President Reagan said yesterday that the rest of the world's currencies would gain against the dollar as other countries "improve their economies," and therefore the review of the international monetary system that some people have suggested is not a top priority.
Meanwhile, the Treasury reported to Congress that returning to managed currency exchange rates could impair the ability of the United States and other major nations to pursue strong economic growth with low inflation. "There are no practical alternatives to the flexible exchange-rate system which should be adopted at this time," the report said.
At a White House breakfast with a group of Washington reporters, Reagan was asked whether some new study of the strong dollar might be undertaken in response to fears here and abroad that eventually it might fall sharply, injuring the U.S. and global economies.
Reagan acknowledged that some reduction in the dollar's strength against other currencies "could be beneficial to all of us, because our country has the ability to export economic trouble as well as economic recovery." Other countries complain that an overvalued dollar forces them to keep interest rates too high, discouraging efforts to expand their economies and reduce unemployment.
But the president suggested that greater stability will be achieved without a new international effort at monetary reform, primarily because economic activity in other major nations is reviving, which will strengthen their own currency values.
"This has come up before in international meetings," Reagan said. "There are others that look back at Bretton Woods and . . . wonder should we take another look and see that there have been distortions or whether something better can be worked out. We're always willing to listen and look at this, and I agree that, if there was a sudden -- you might say, collapse -- of the dollar . . . I think it could be very harmful in leading the world to believe that we are all in greater economic trouble than we are."
The president's comments, together with the Treasury report to Congress, were taken as a response to various plans circulating in Europe calling for greater currency stability.
The Treasury report said that sharp swings in currency relationships can be attributed to "the turbulent world economic and political environment" during the past decade, rather than to the floating-rate system.
Just last week, European Community External Affairs Commissioner Willy de Clerq told a Washington press conference that ways must be found to encourage greater stability of exchange rates. He suggested that the world's leaders might examine broadening the European Monetary System -- which limits the permissible fluctuations among Europe's paper monies -- to the dollar and other currencies.
De Clerq cited with approval a comment made two weeks ago by Treasury Secretary James A. Baker III indicating a willingness to take "a new look" at possible international monetary reforms. "I find that encouraging," de Clerq said.

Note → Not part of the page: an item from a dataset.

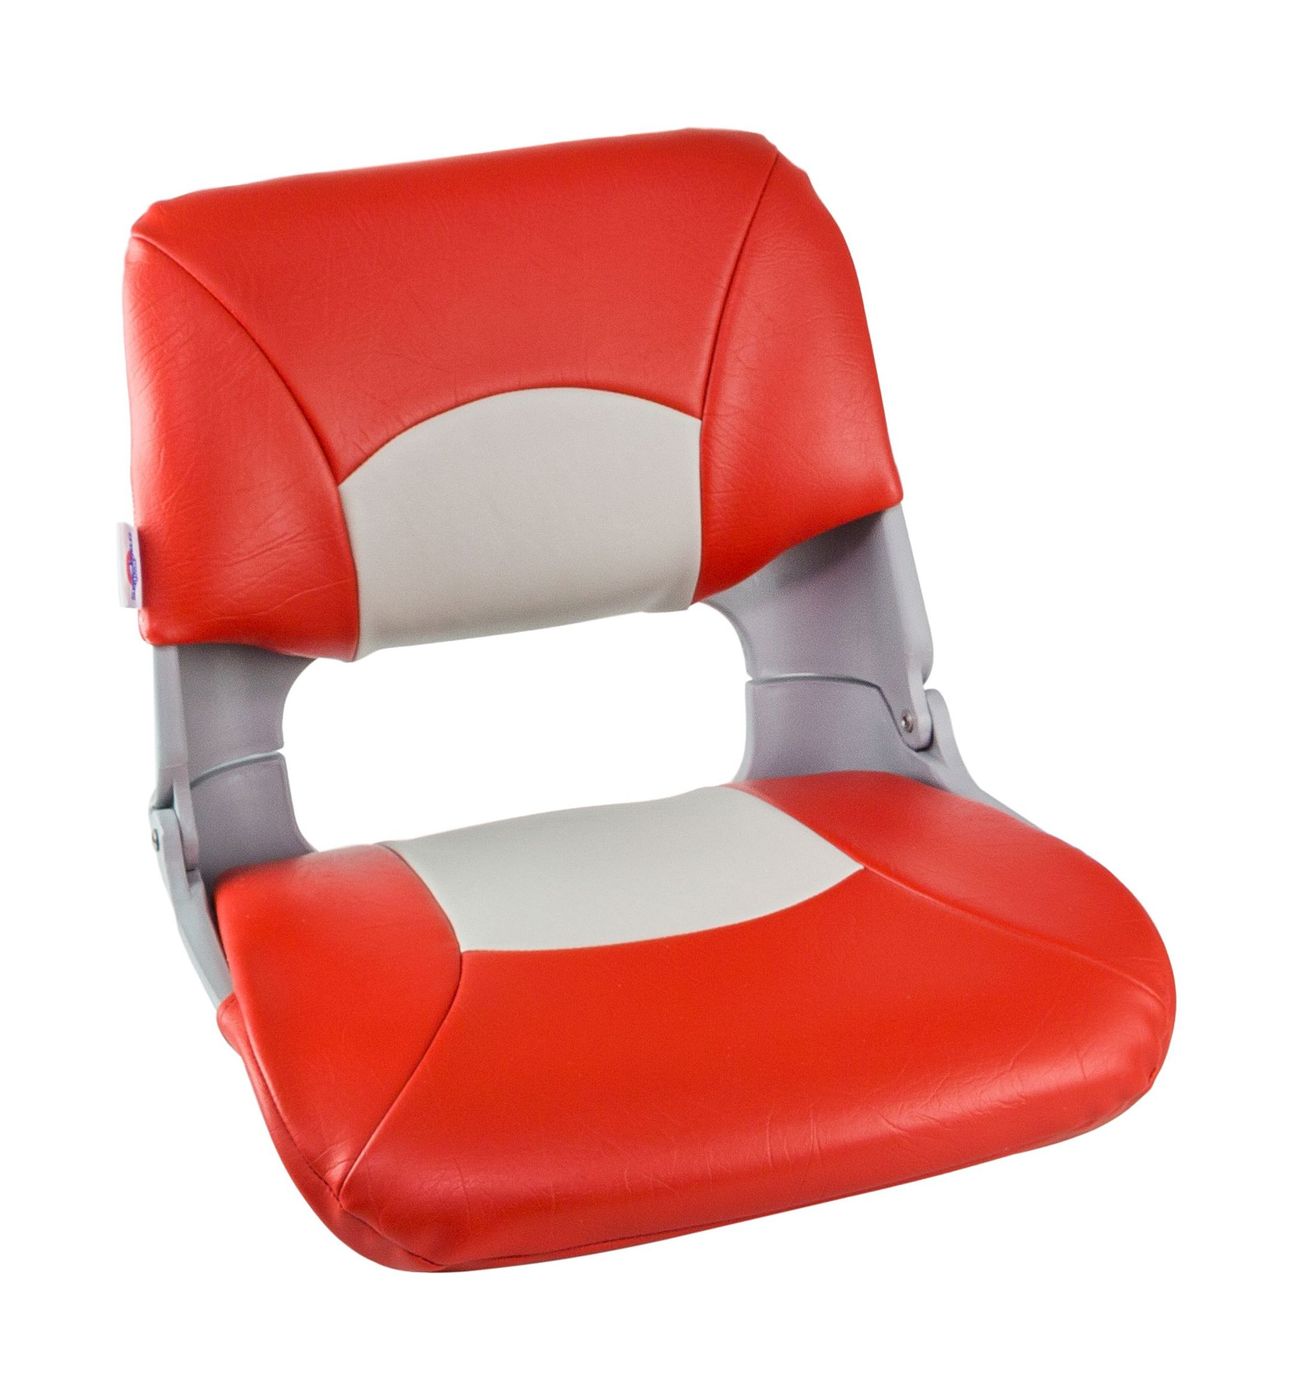 Кресло складное мягкое SKIPPER, цвет серый/красный 1061018 сиденье мягкое bass boat seat серый красный 75132gcr

Although Baker's comment was cited in the question put to Reagan, he stuck to previously articulated views that the huge gap between the value of the dollar and those of other currencies reflected the difference in the progress of the economies involved. He said that the American recovery "has begun to stimulate improvements among our trading partners."

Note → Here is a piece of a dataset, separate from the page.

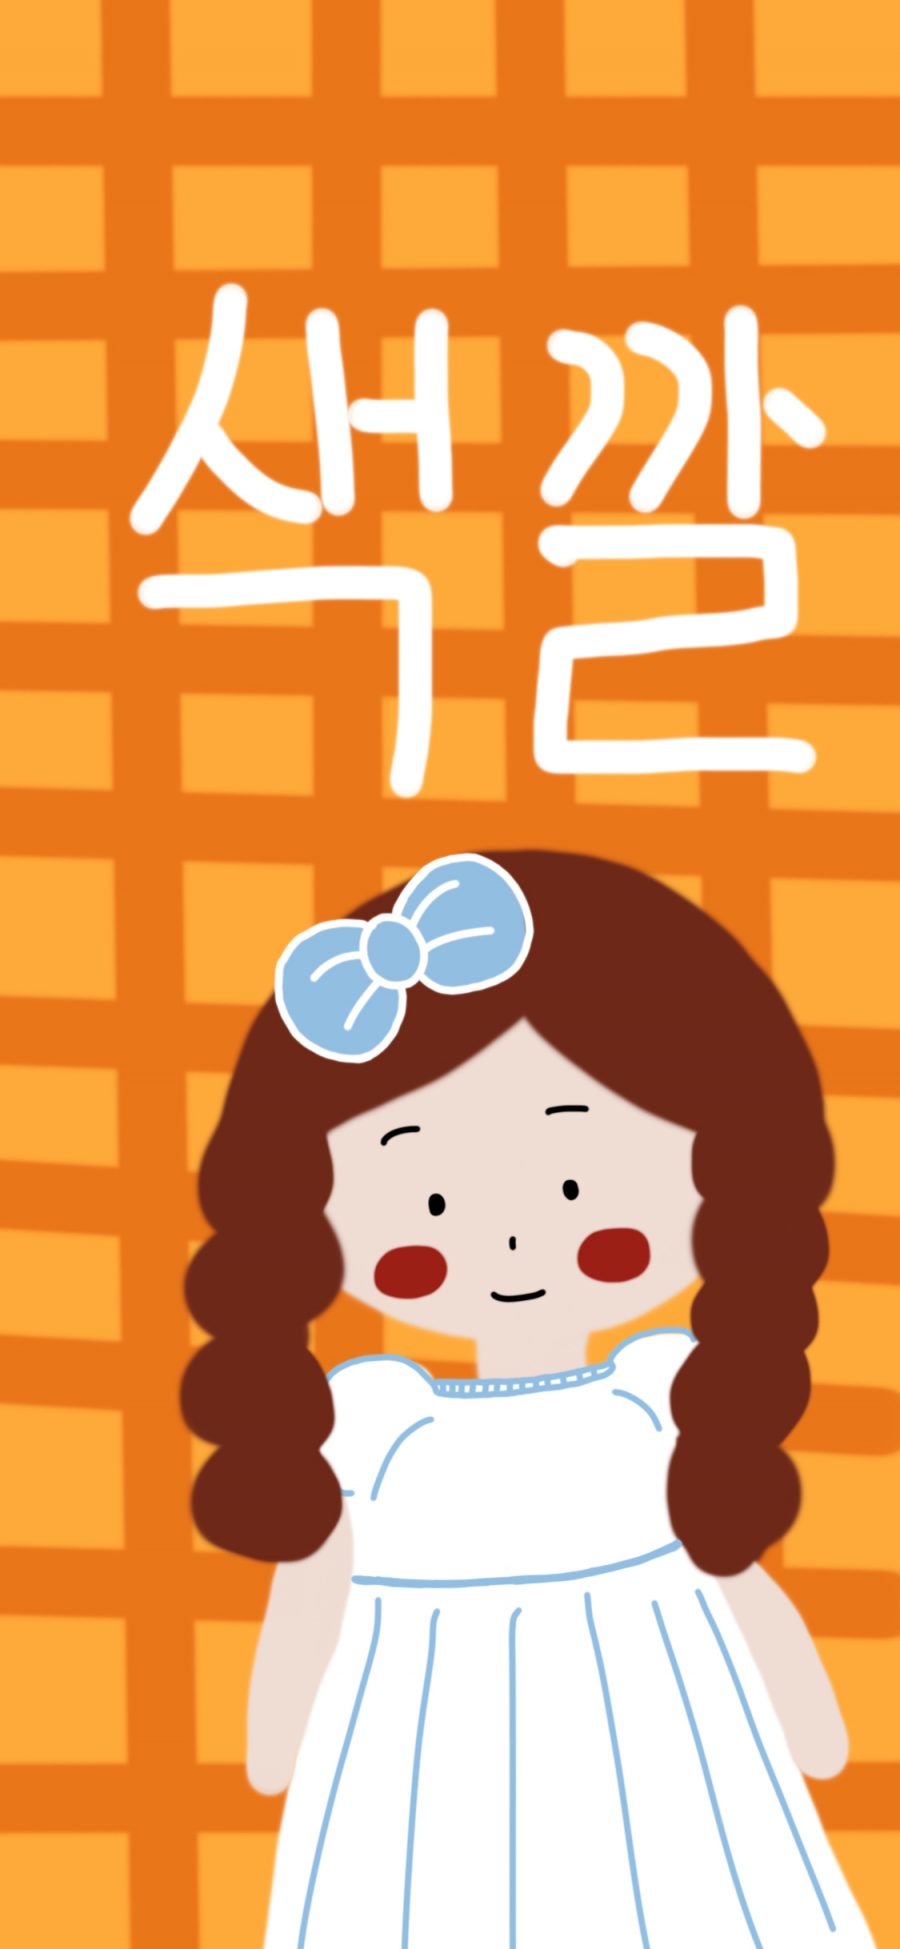 [2436×1125]情侣 壁纸 女孩 韩文 苹果手机动漫壁纸图片

The question of international monetary reform has persisted since the collapse of the Bretton Woods fixed-rate system a dozen years ago. As currency volatility has increased, many Europeans have called for a "Bretton Woods II" or other international conference to try to evolve a system to bring major currencies closer together.
Former Treasury secretary Donald T. Regan, now White House chief of staff, at one point indicated some interest in such a conference. A new Bretton Woods conference also has been backed heavily by French President Francois Mitterrand, who pressed the issue at the economic summits in Versailles in 1982 and in Williamsburg in 1983.

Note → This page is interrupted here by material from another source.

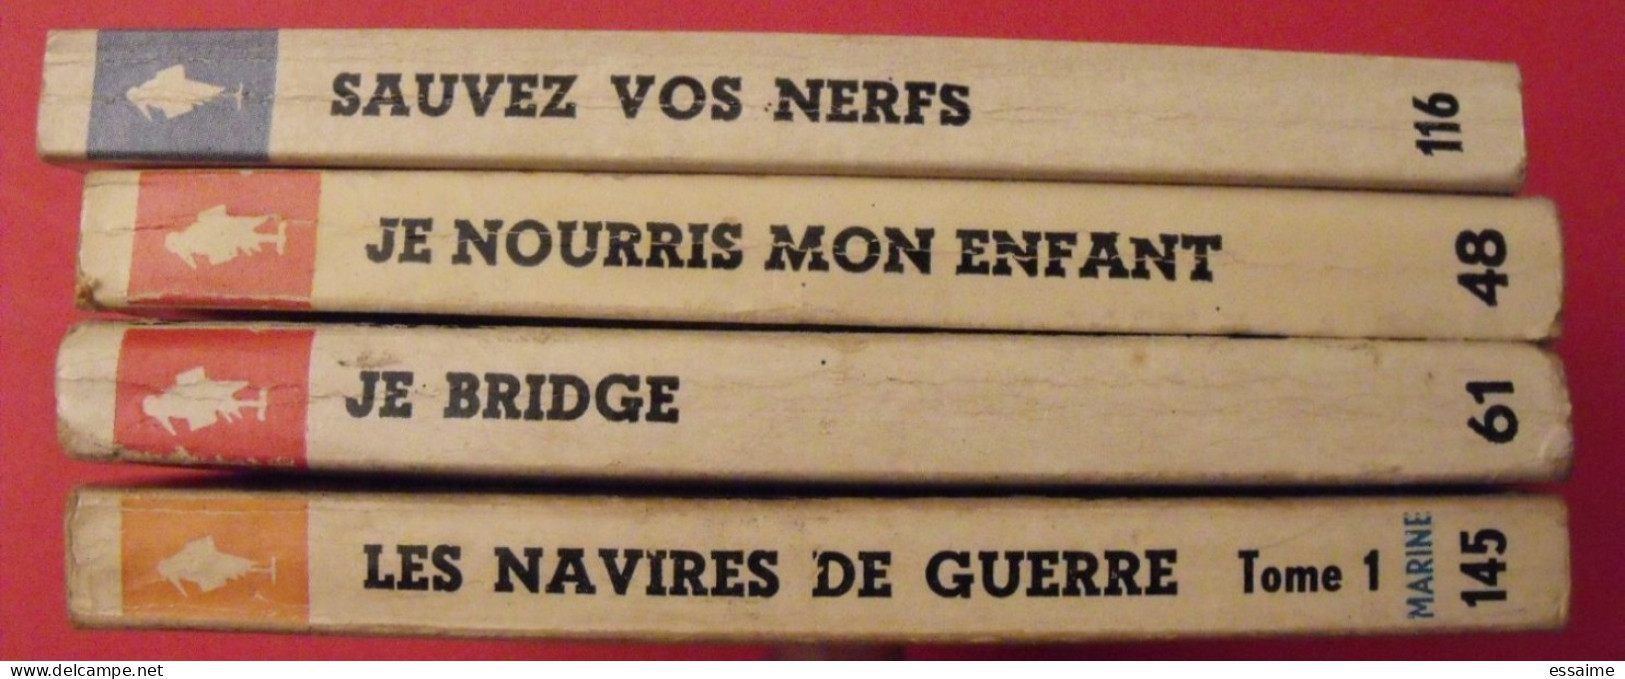 Lot De 4 Marabout Flash 1960-63. Navires De Guerre I Je Bridge Nourris Mon Enfant Sauvez Vos Nerfs - Lots De Plusieurs Livres

A study group on international monetary reform, under the finance ministers of the 10 largest nations, evolved out of those two summits. That committee is preparing a report that is likely to be discussed at the economic summit in Bonn in May, although it is not scheduled to be completed until mid-1985, according to the Treasury report issued yesterday. It is expected to call for better coordination of economic policy and stricter surveillance by the International Monetary Fund.
But such generalized suggestions have been made before; anything more specific to alter the present exchange-rate system, in which rates are allowed to change according to the dictates of the market, has been resisted by the Reagan administration for the past four years.
The Treasury report, required as part of the congressional legislation of 1983 enlarging United States participation in the IMF, indicates that the Reagan policy hasn't shifted.
"The current exchange-rate system has, in fact, made a positive contribution to the adjustment process and to the maintenance of international trade and investment," the report said.
The report also said that the IMF has adequate resources for the foreseeable future, and that the current case-by-case management of the Third World debt problem is working well. It also said that, although there is no evidence of Japanese manipulation of the yen, "a variety of restrictions and controls" have kept the yen from fully reflecting the strength of the Japanese economy.